The partnership board, which currently includes Sir Richard Leese, leader of Manchester City Council, and Newcastle City Council leader Nick Forbes, was established to advise government on plans for transport infrastructure.

Mr Burnham said discussions had started on how to turn the partnership into powerful political force.

He added: “We should turn it into something that is more than the sum of its parts.

“If that body starts to speak with a clear voice - and we are already talking about whether we might make a submission to the Autumn Statement through the council of the north - you can start to see how it might change this country’s politics.”

Mr Burnham added that the government would find it difficult to ignore such submissions on major policy decisions as they would “bring out the real issues”.

He said forming united representation for the north was an “obligation” to “maximise impact” over people’s concerns, particularly following the vote to leave the European Union.

He continued: “The time has come to really go with that and turn it back on the government and say ‘you made these promises to the north as part of your last manifesto - you can’t walk away from them now’ and really hold the government to account.

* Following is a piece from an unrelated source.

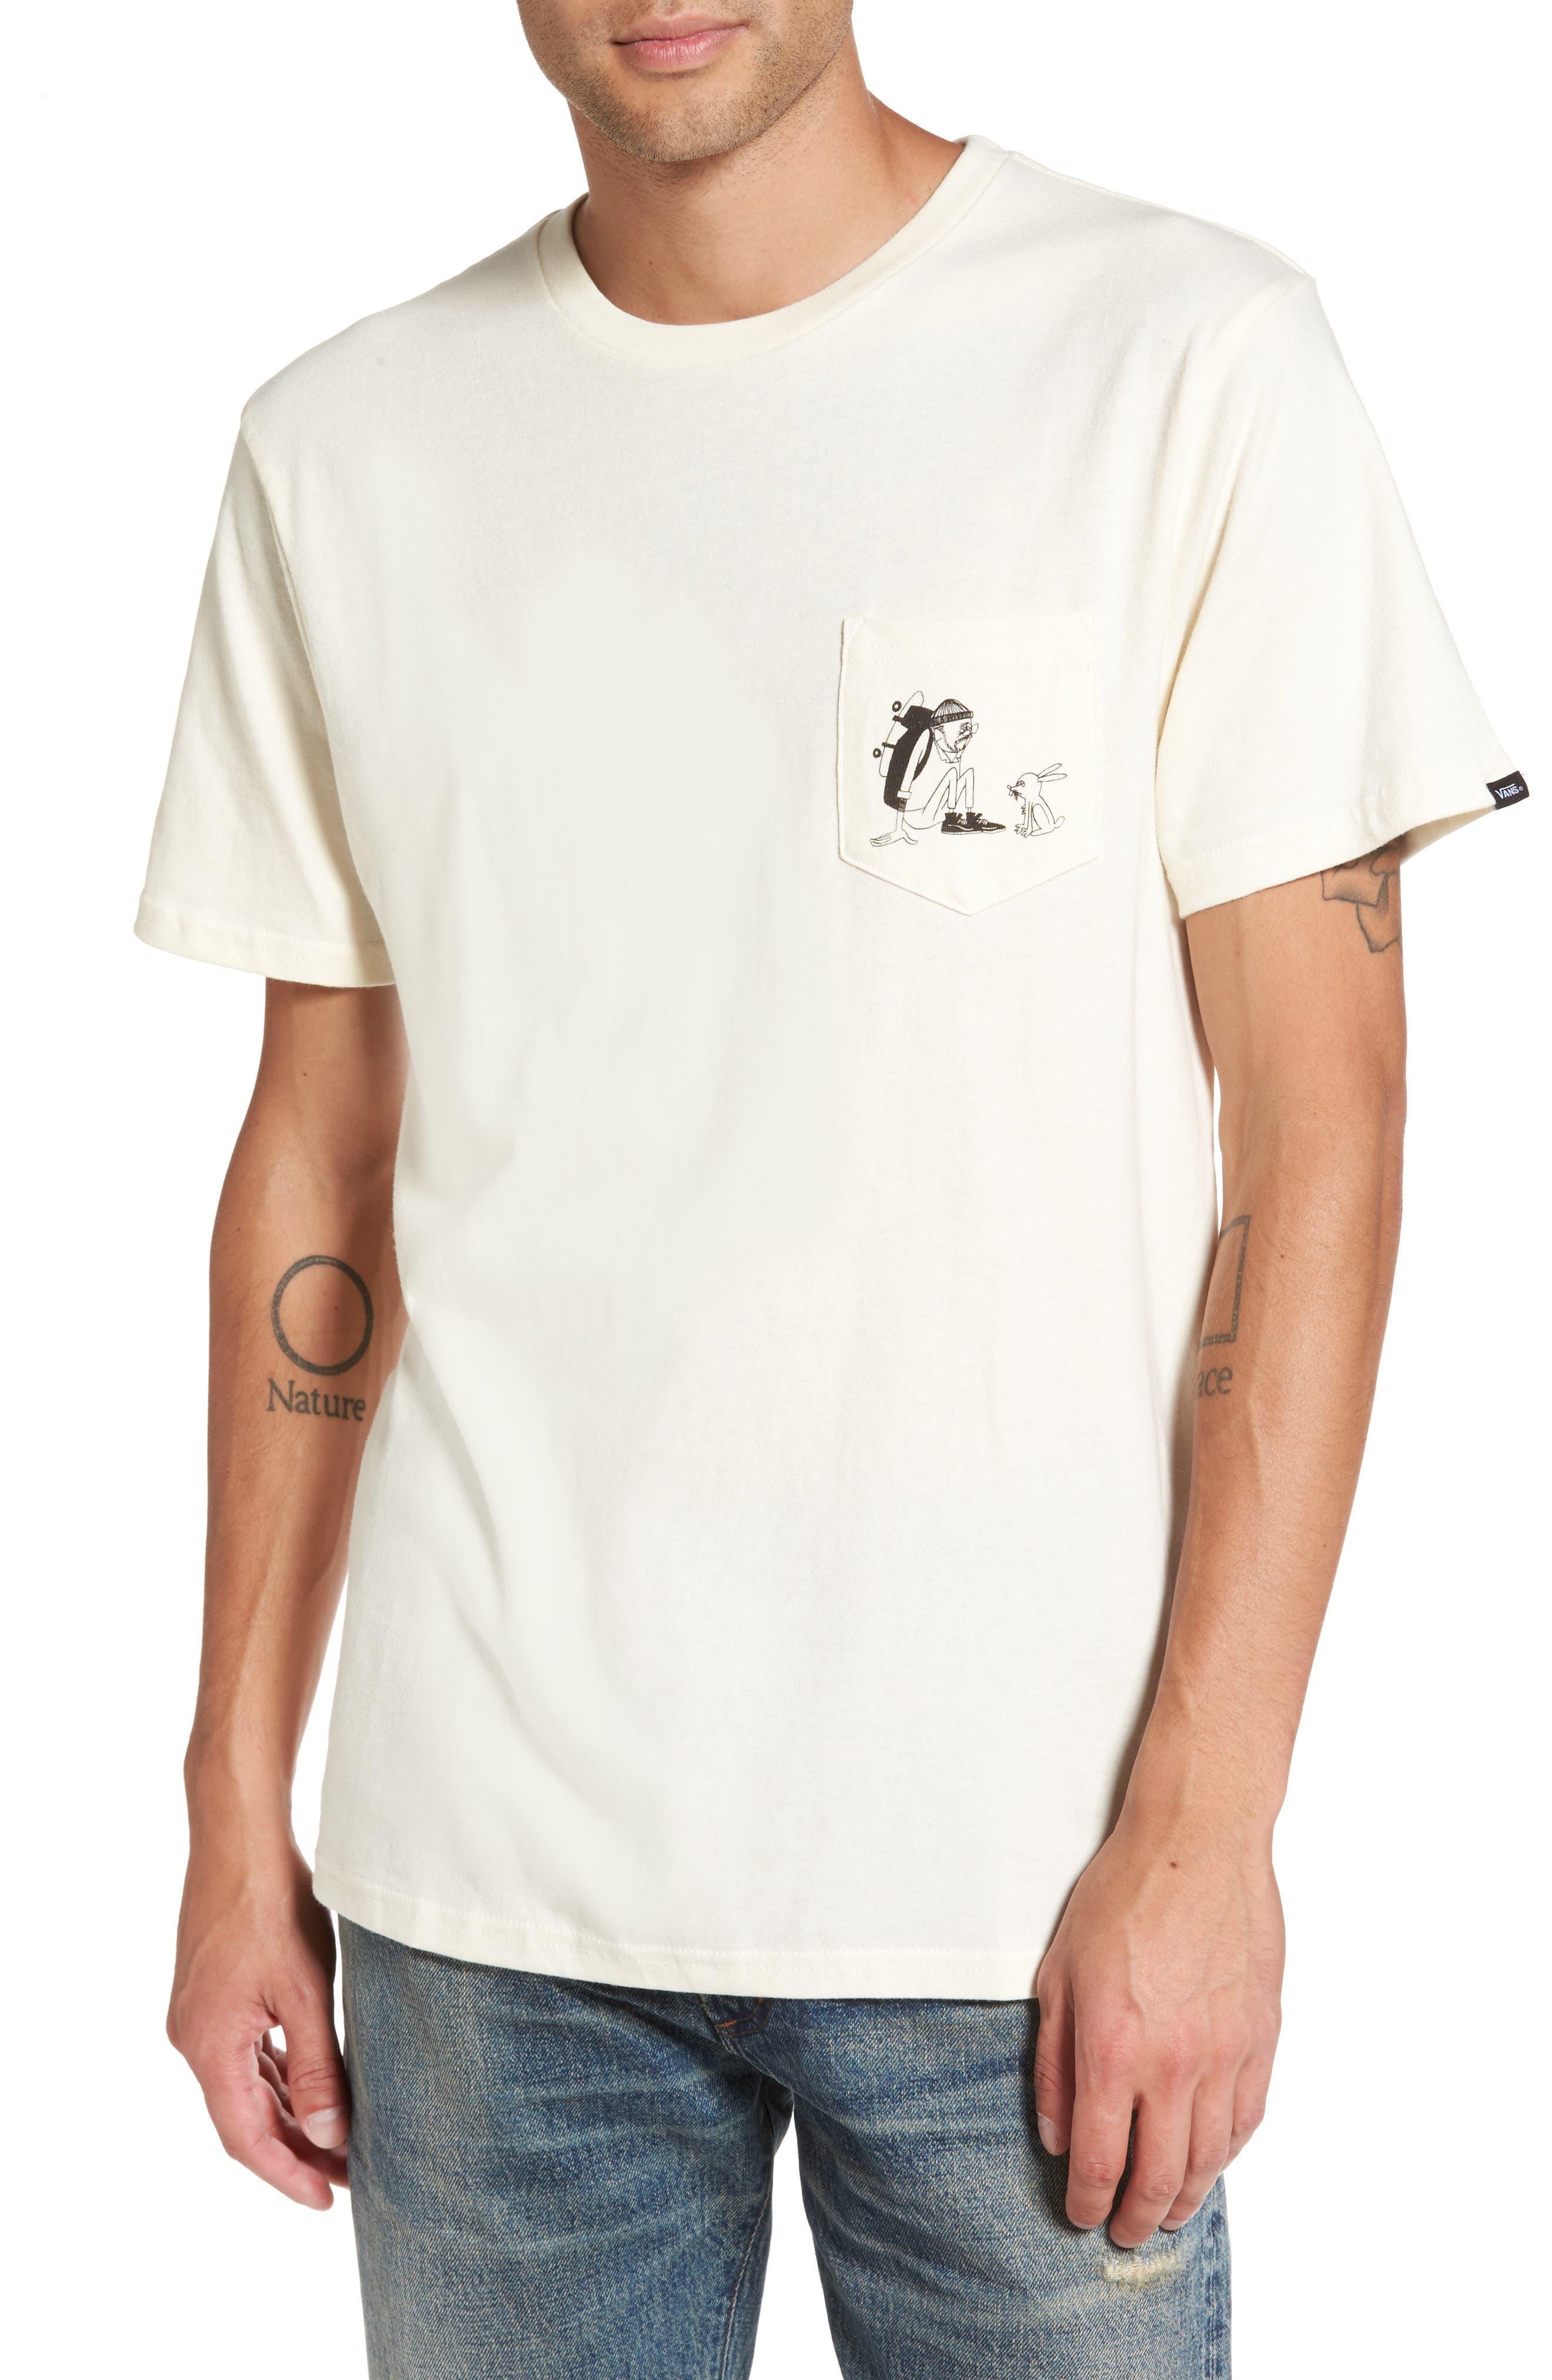 x Yusuke Hanai Outdoors Graphic Pocket T-Shirt,                         Main,                         color, Antique White

“It is about building a sense of one north where we speak with one voice on things that matter to us all.”

Steve Rotheram, Walton MP and Labour candidate for mayor of Liverpool City Region

steve rotheram

Steve Rotheram

The event also featured Labour’s candidate for mayor of the Liverpool City Region, Walton MP Steve Rotheram, and the mayoral hopeful in the West Midlands, Siôn Simon.

Neither candidate commented directly on Mr Burnham’s council of the north proposal, but Mr Rotheram pledged a more “collegiate and collaborative” approach to commissioning that directly engaged with citizens.

Mr Rotheram described former chancellor George Osborne as “the man who robbed the cake and left us some crumbs then said we should be grateful for it”.

He added: “The Northern Powerhouse is an artificial construct and we are all supposed to guess what it is.This is an absolutely flawed devolution process that we have been sold.

“When you drill beneath what they are saying it is not the same thing that was proposed under a Labour government but we need to seize that opportunity because we genuinely believe we have a chance of being the government in 2020.”

Siôn Simon

Siôn Simon

Siôn Simon

Mr Simon, who at one point described communities secretary Sajid Javid as the “Brummie Rasputin”, said the West Midlands devolution deal had been struck “by an incredibly small group of people in an incredibly opaque process”.

“It does not reflect well on any of it on that basis…[it was] not a very transparent process,” he added.

He said he was not expecting a large turnout at the election in May next year because people were being asked to vote for “something that would not exist” at the time of the poll.

Mr Simon also said that the West Midlands had disadvantages in attracting investment from abroad because it did not have a “super, premium” football brand that was known across the world.